Go through the data below and repeat it exactly, skipping each picture.

## [DATA]
*** Block opens ***

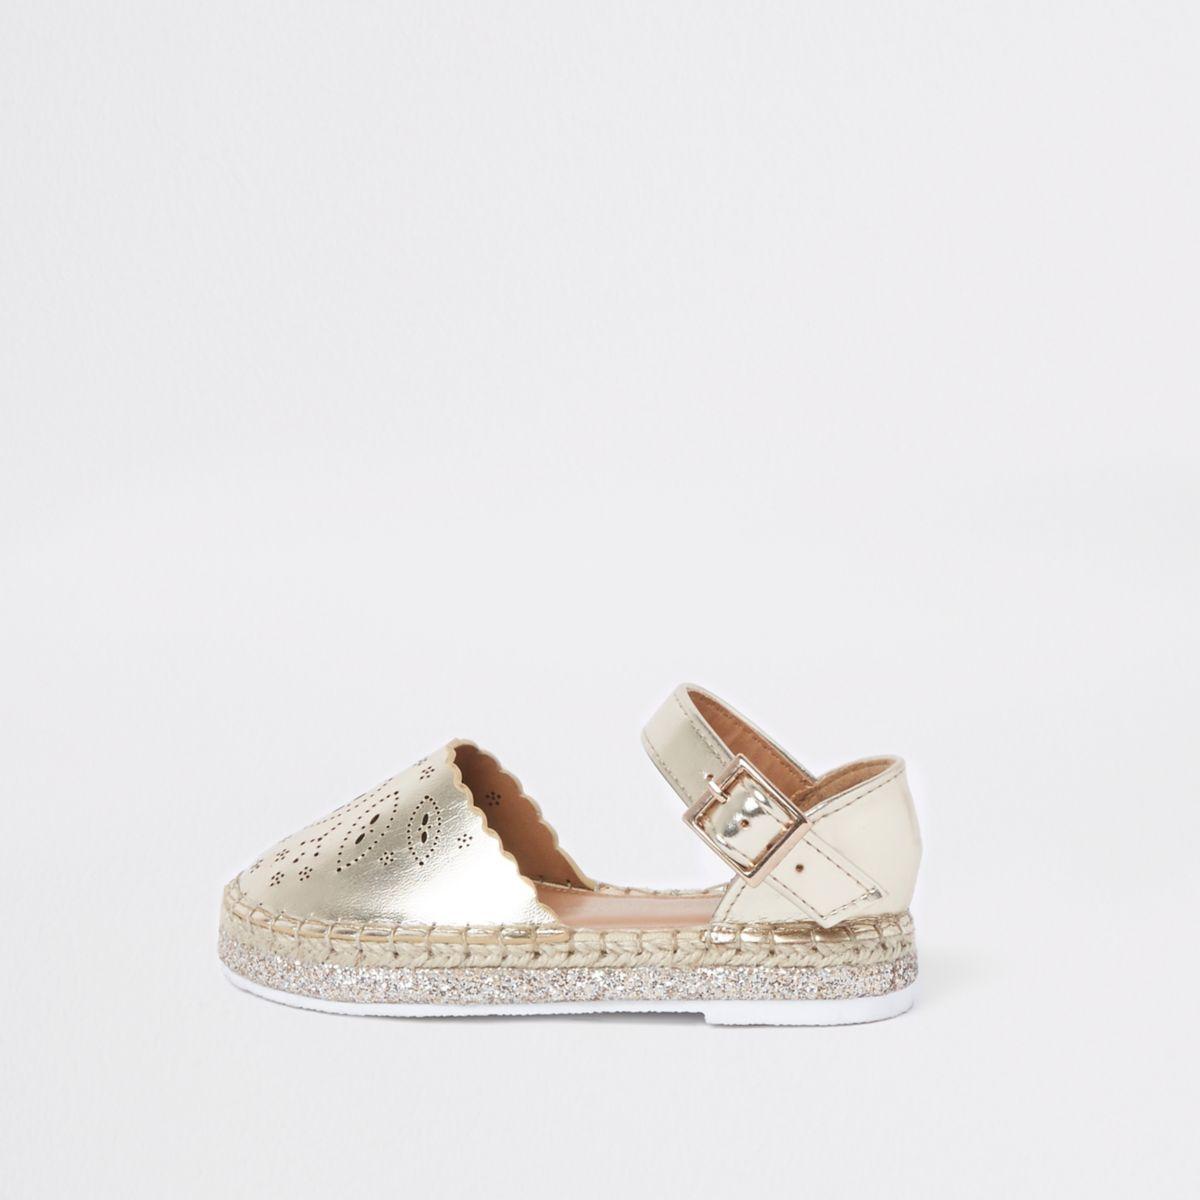 Goldene Espadrille-Sandalen mit Laserschnittmuster
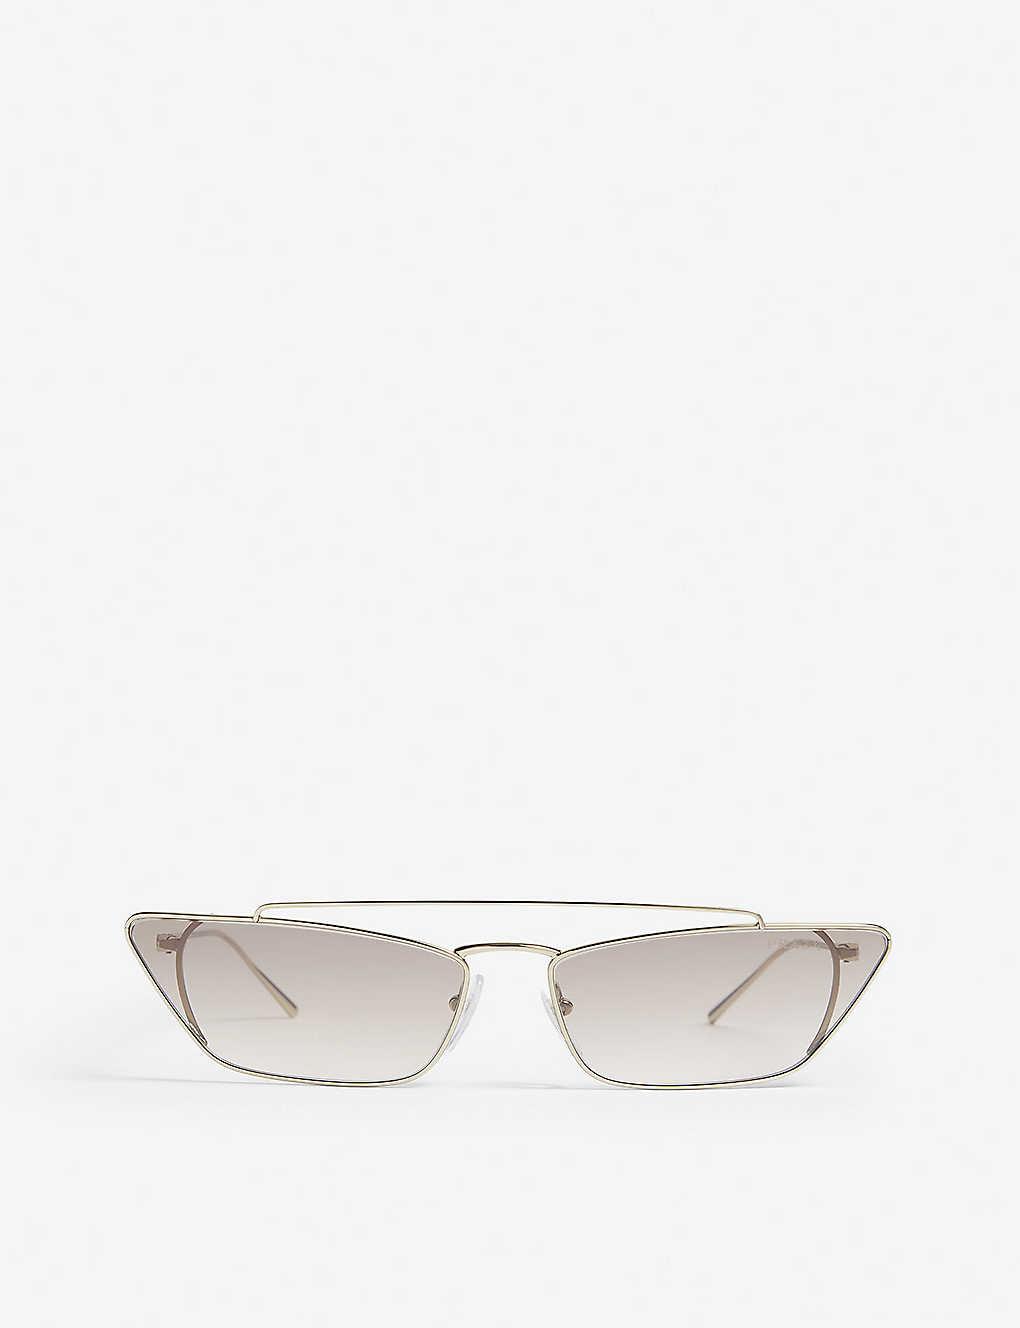 9c1cd14879 PRADA - Ultravox S181-1202 cat-eye sunglasses
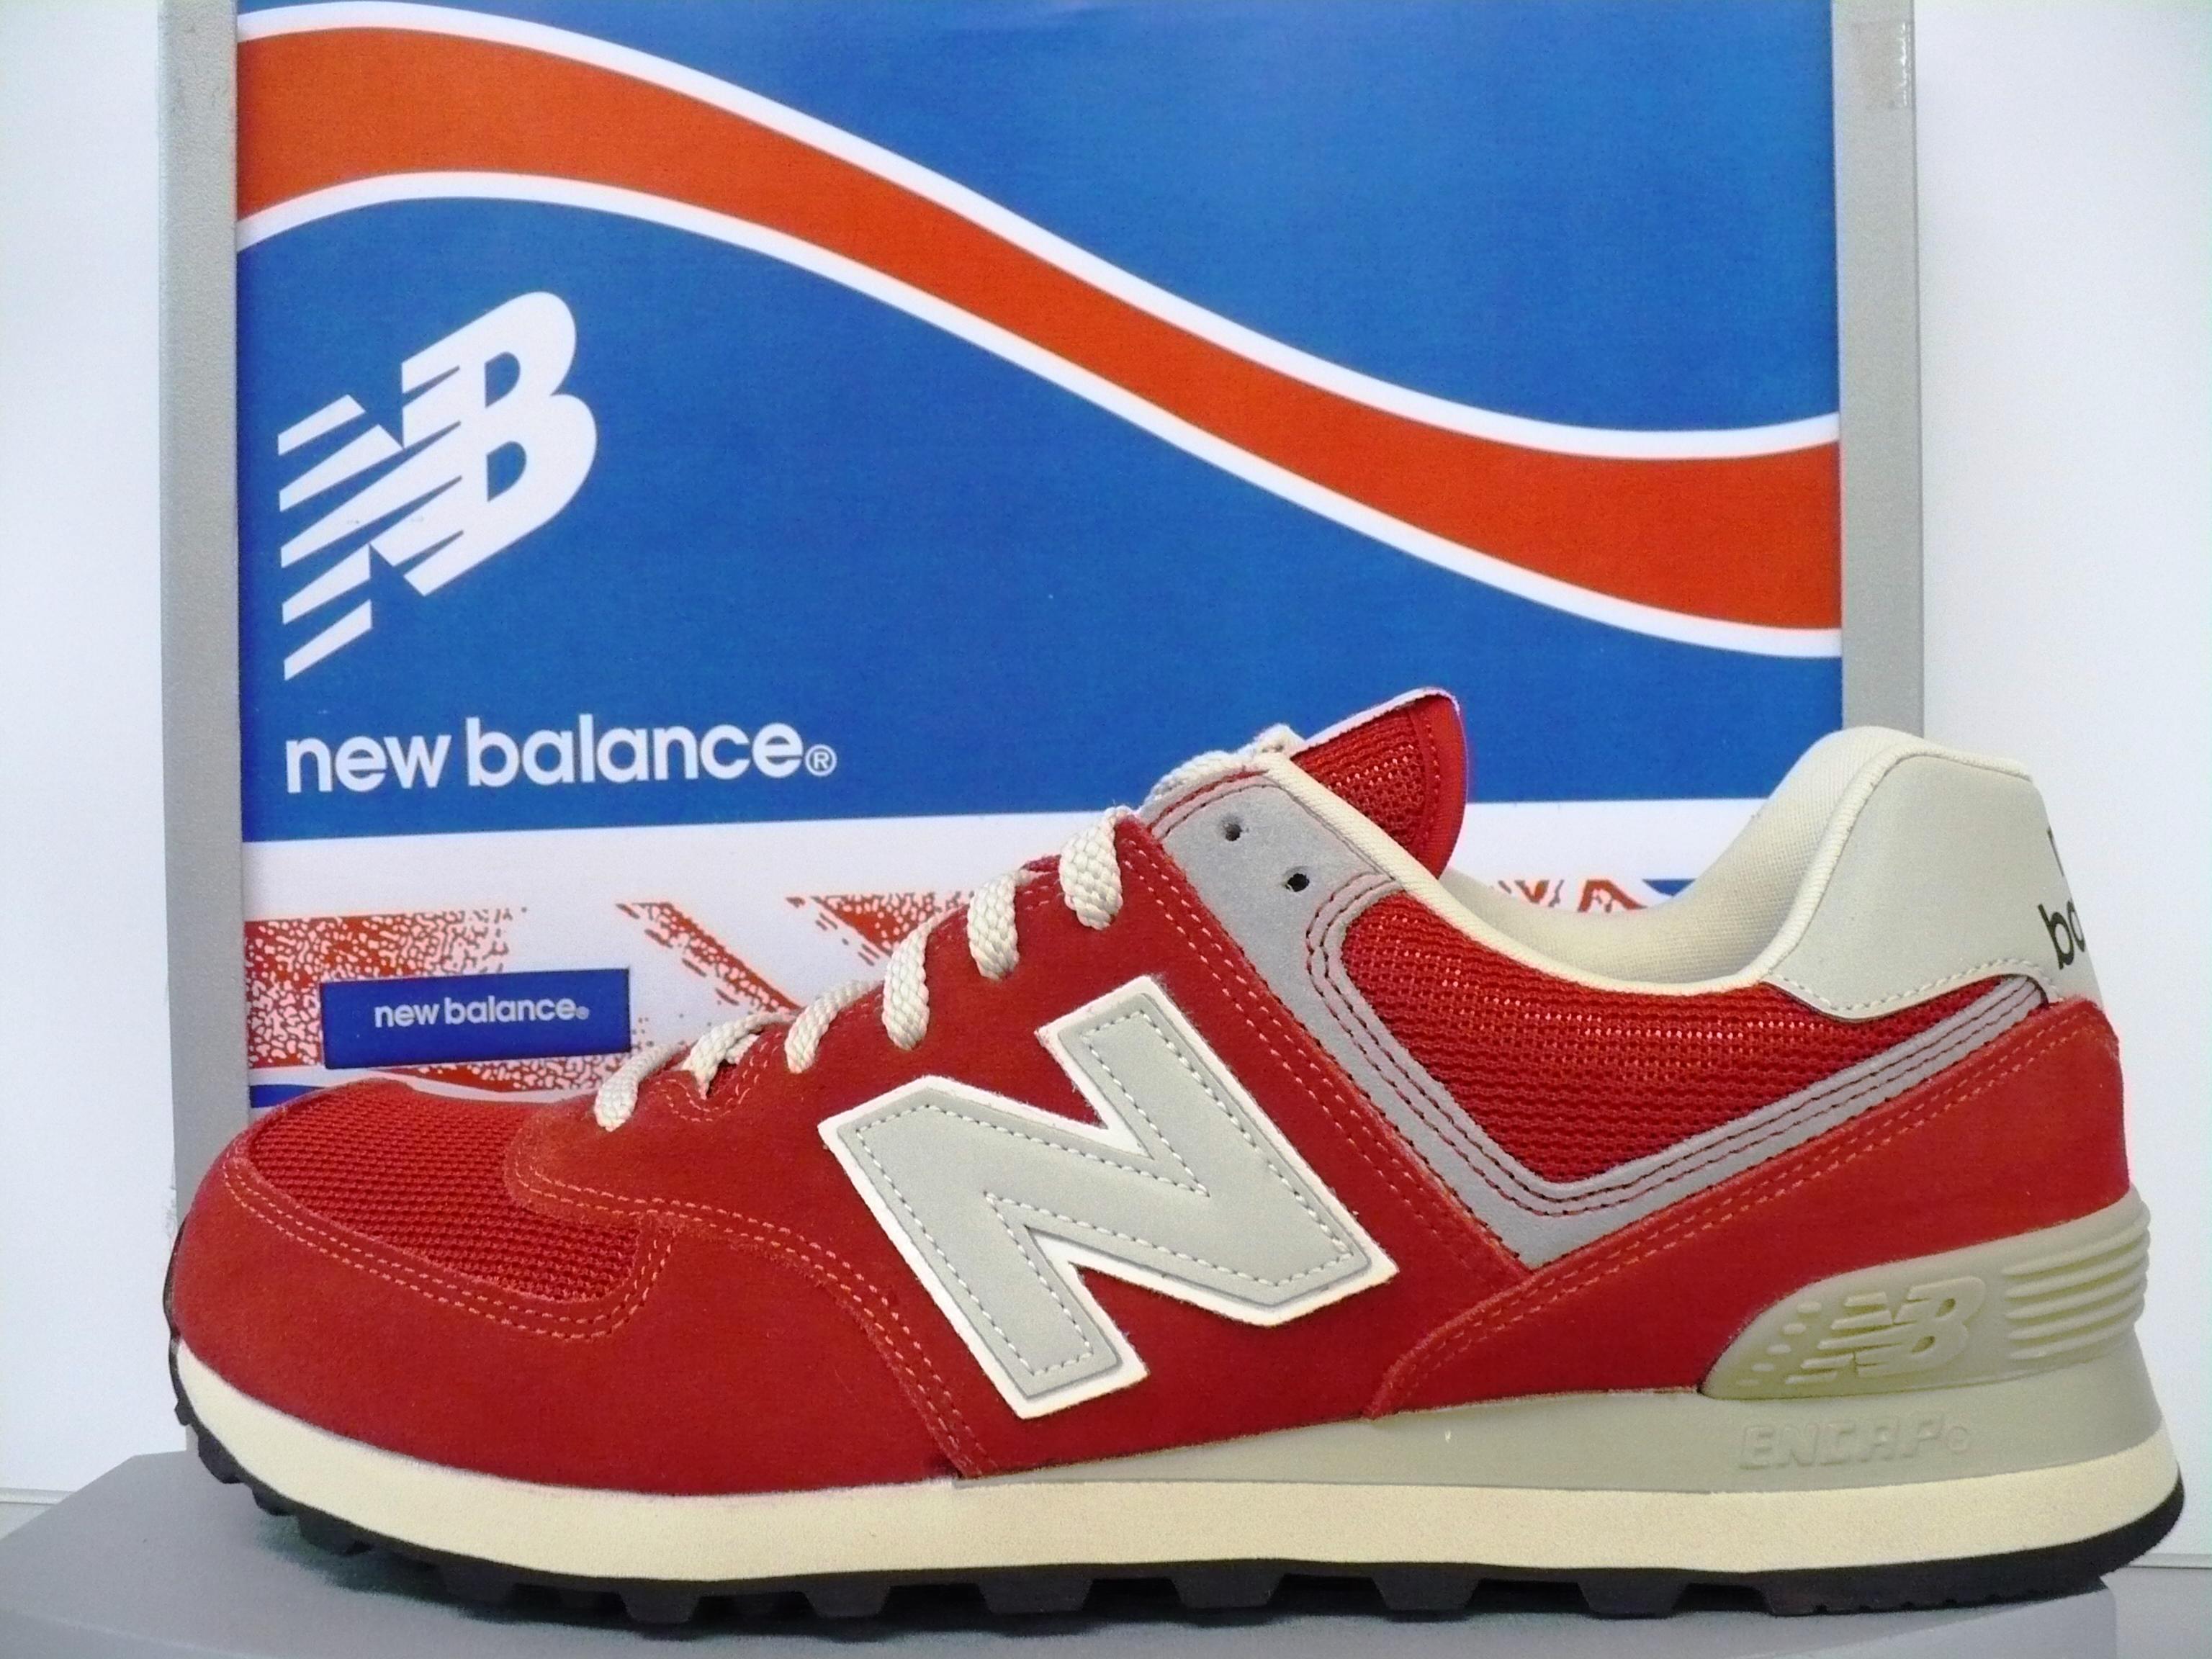 new balance rossa

*** Block closes ***

## [EXERCISE RESULT]
 Goldene Espadrille-Sandalen mit Laserschnittmuster
 9c1cd14879 PRADA - Ultravox S181-1202 cat-eye sunglasses
 new balance rossa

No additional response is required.